TAOCP 7.1.4 Exercise 209
Let the Boolean function be given by a ZDD with variable order $x_1,x_2,\ldots,x_n$.
Section 7.1.4: Binary Decision Diagrams
Exercise 209. [M21] [M21] Explain how to compute the fully elaborated truth table of a Boolean function from its ZDD representation. (See exercise 31.)
Verified: no
Solve time: 1m44s
Let the Boolean function be given by a ZDD with variable order $x_1,x_2,\ldots,x_n$. We compute its fully elaborated truth table in lexicographic order
$$ (0,\ldots,0),\ (0,\ldots,0,1),\ \ldots,\ (1,\ldots,1), $$
by recursively expanding the ZDD so that every variable is assigned explicitly at every step.
The key invariant is that during recursion we maintain a pair $(p,j)$, where $p$ is a ZDD node and $j$ is the smallest index of a variable whose value has not yet been fixed by the current recursion path. Equivalently, variables $x_1,\ldots,x_{j-1}$ are already fixed consistently with the path, and variables $x_j,\ldots,x_n$ remain to be generated in order.
We define a procedure $\mathrm{TABLE}(p,j)$ that outputs the truth values of all completions of the current partial assignment.
First consider the terminal cases.
If $p=\bot$, then no assignment extending the current partial assignment satisfies the function. Therefore every completion of the remaining variables yields value $0$, and $\mathrm{TABLE}(p,j)$ outputs $2^{,n-j+1}$ zeros.

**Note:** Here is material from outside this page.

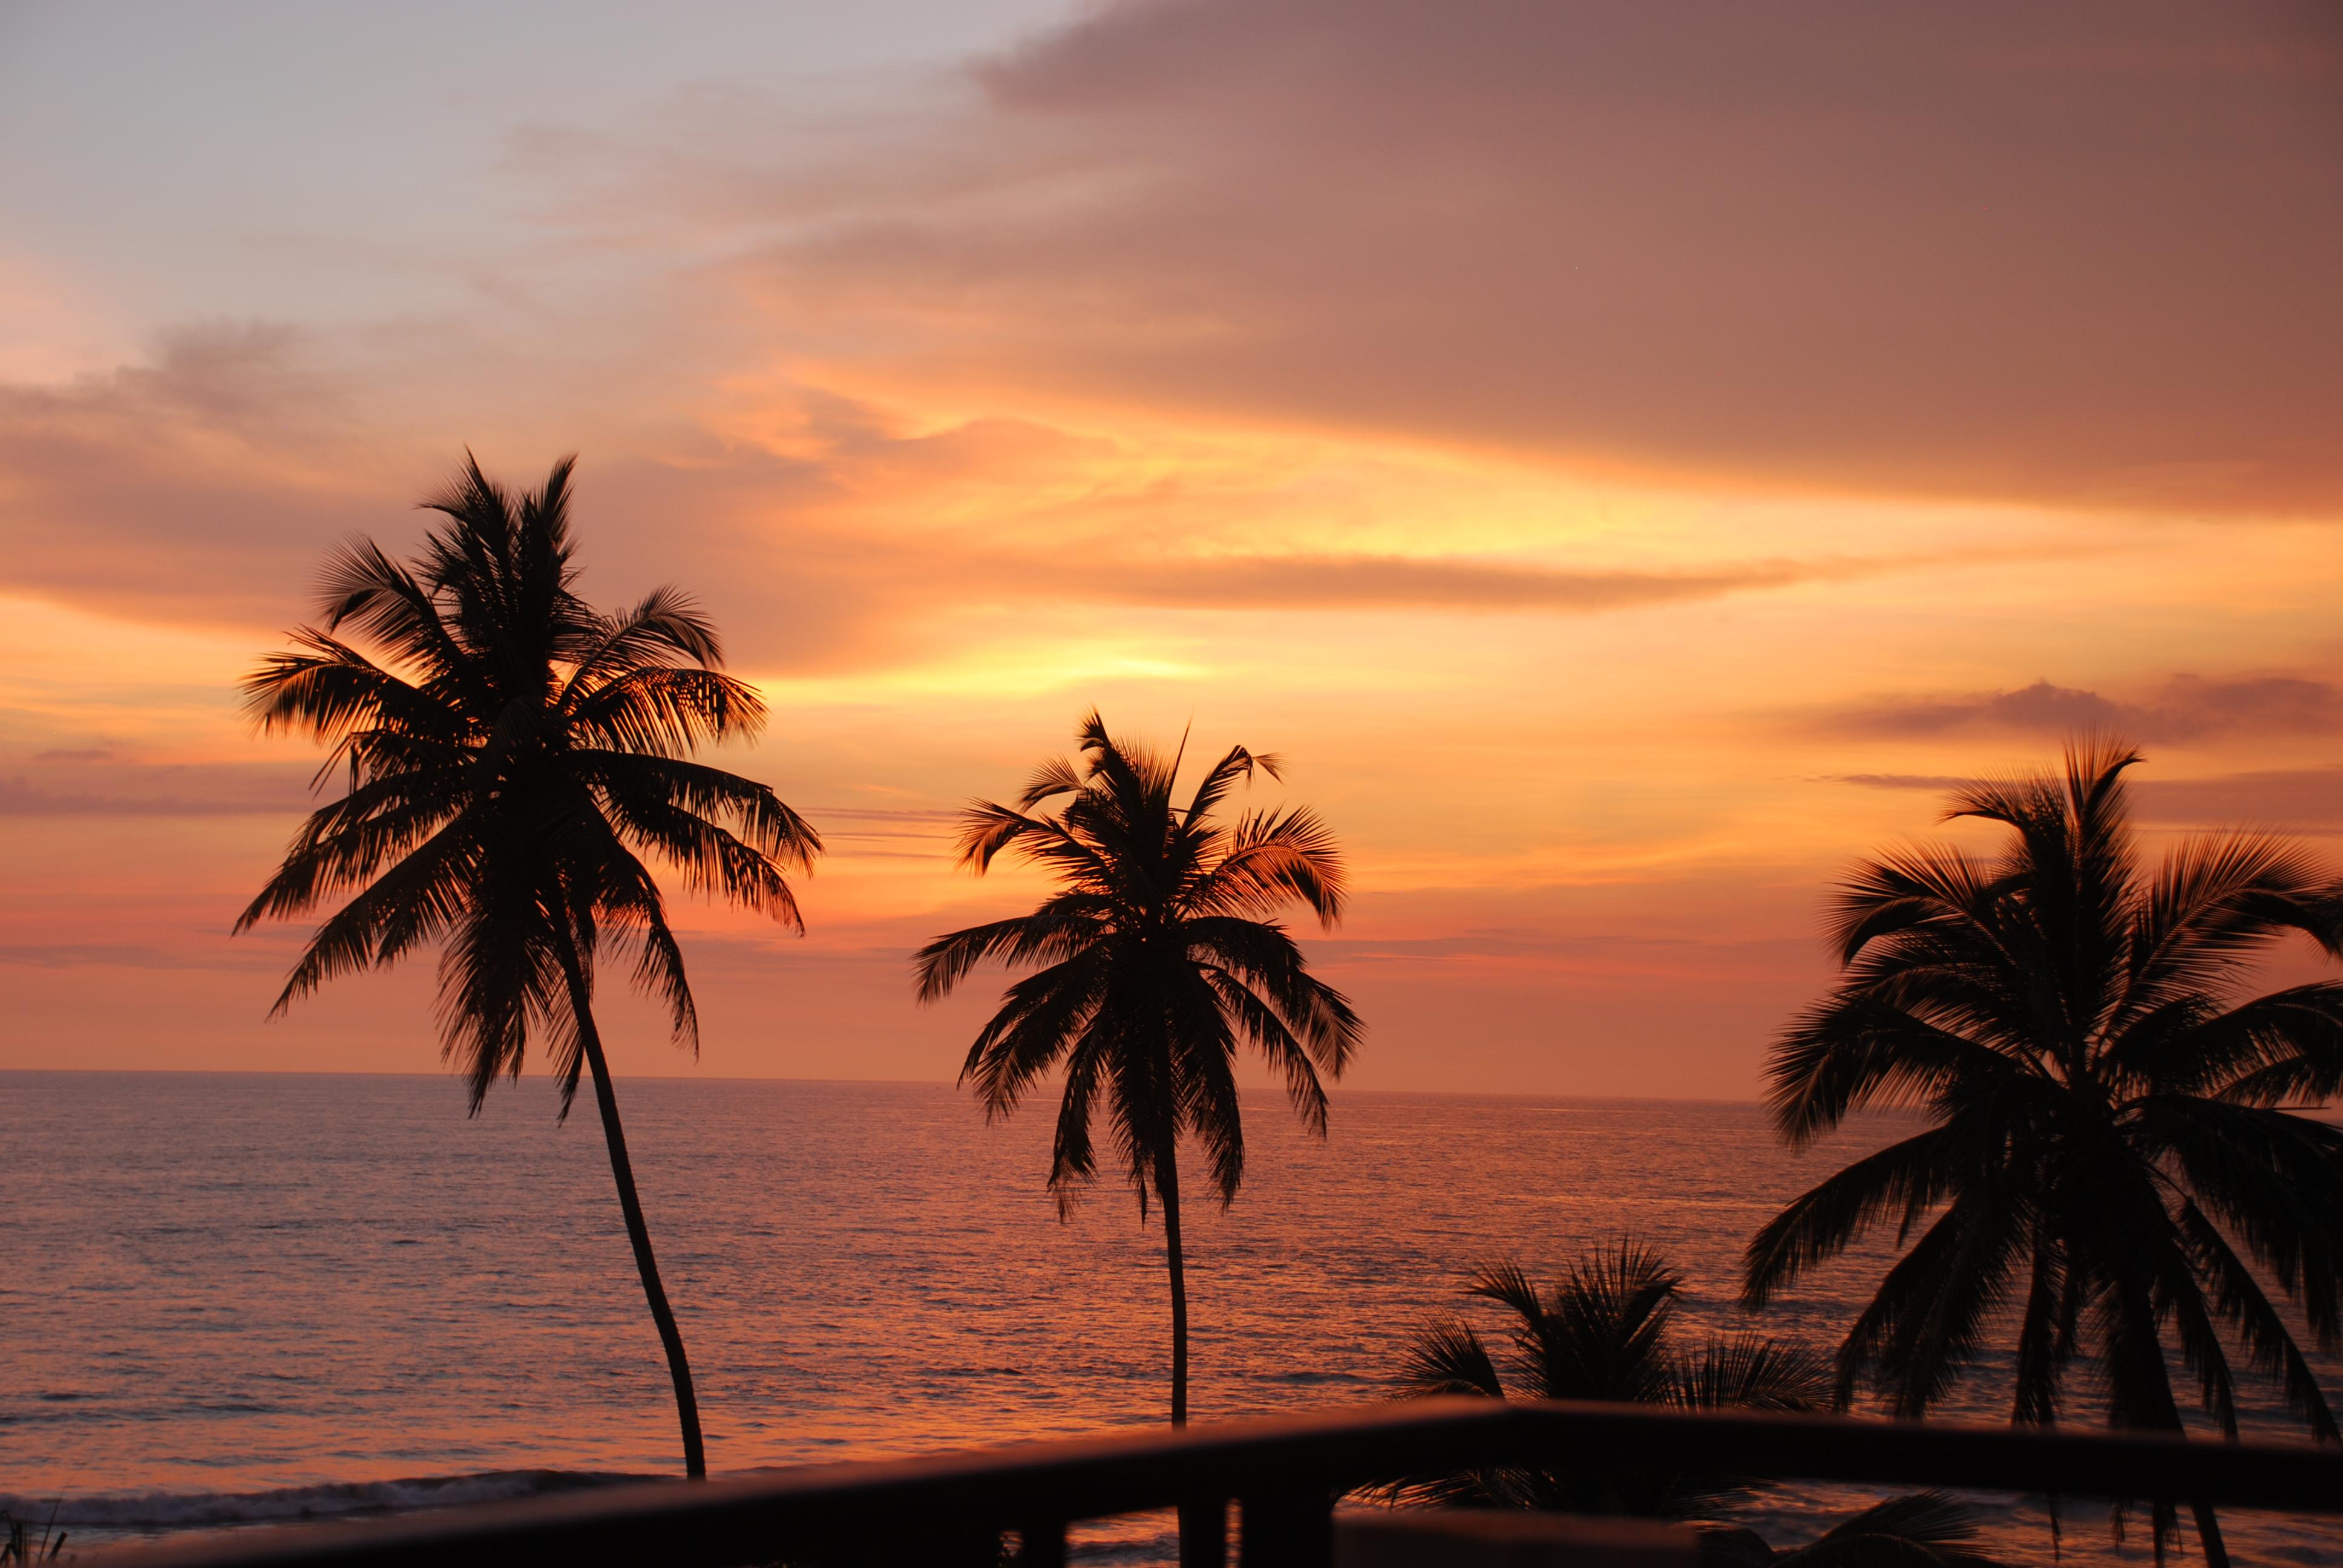 Sagen om et britisk par og deres rejsebureau følges af Danmarks Rejsebureau Forening, fordi sagen har principiel aspekt for rejsebureauers eventuelle ansvar for deres underleverandører, i dette tilfælde resortet på Sri Lanka. Arkivfoto fra Sri Lanka: Christian Funch.

If $p=\top$, then every completion satisfies the function. Therefore $\mathrm{TABLE}(p,j)$ outputs $2^{,n-j+1}$ ones.
Now assume $p$ is an internal node labeled by variable $x_k$, with low child $p_0$ and high child $p_1$. We distinguish two cases depending on the relation between $j$ and $k$.
If $j<k$, then variables $x_j,\ldots,x_{k-1}$ do not appear on the current path in the ZDD, hence they are free variables that must still be enumerated before we reach $x_k$. We therefore branch on them explicitly in lexicographic order. Concretely, for each assignment of $x_j$ we recursively call $\mathrm{TABLE}(p,j+1)$, so that after $k-j$ such steps we arrive at the state $j=k$. This ensures that all intermediate variables are expanded in the correct order before processing node $p$.
If $j=k$, then the current variable in the truth-table construction matches the variable of the ZDD node, so we must respect the Shannon decomposition encoded by the ZDD. We first assign $x_k=0$ and continue with the low child, and then assign $x_k=1$ and continue with the high child. Formally, we output
$$ \mathrm{TABLE}(p_0,k+1) \quad \text{followed by} \quad \mathrm{TABLE}(p_1,k+1). $$
The order is crucial: it ensures lexicographic ordering because all assignments with $x_k=0$ precede those with $x_k=1$, and within each block the recursion maintains the same ordering invariant.
This completes the recursive specification.
To see correctness, observe first that every call $\mathrm{TABLE}(p,j)$ enumerates exactly the set of assignments consistent with the ZDD semantics at node $p$ and partial assignment up to $x_{j-1}$. When $j<k$, the expansion over $x_j$ ensures that all assignments are generated in increasing lexicographic order on the remaining prefix variables. When $j=k$, the Shannon decomposition guarantees that every satisfying assignment is partitioned uniquely between the low and high subgraphs, so no assignment is missed or duplicated. Finally, terminal nodes correctly fill in the remaining suffix of the truth table with uniform values because $\bot$ and $\top$ represent constant functions on all completions of unassigned variables.
Thus the procedure outputs each of the $2^n$ assignments exactly once, in lexicographic order, with the correct function value, which is exactly the fully elaborated truth table.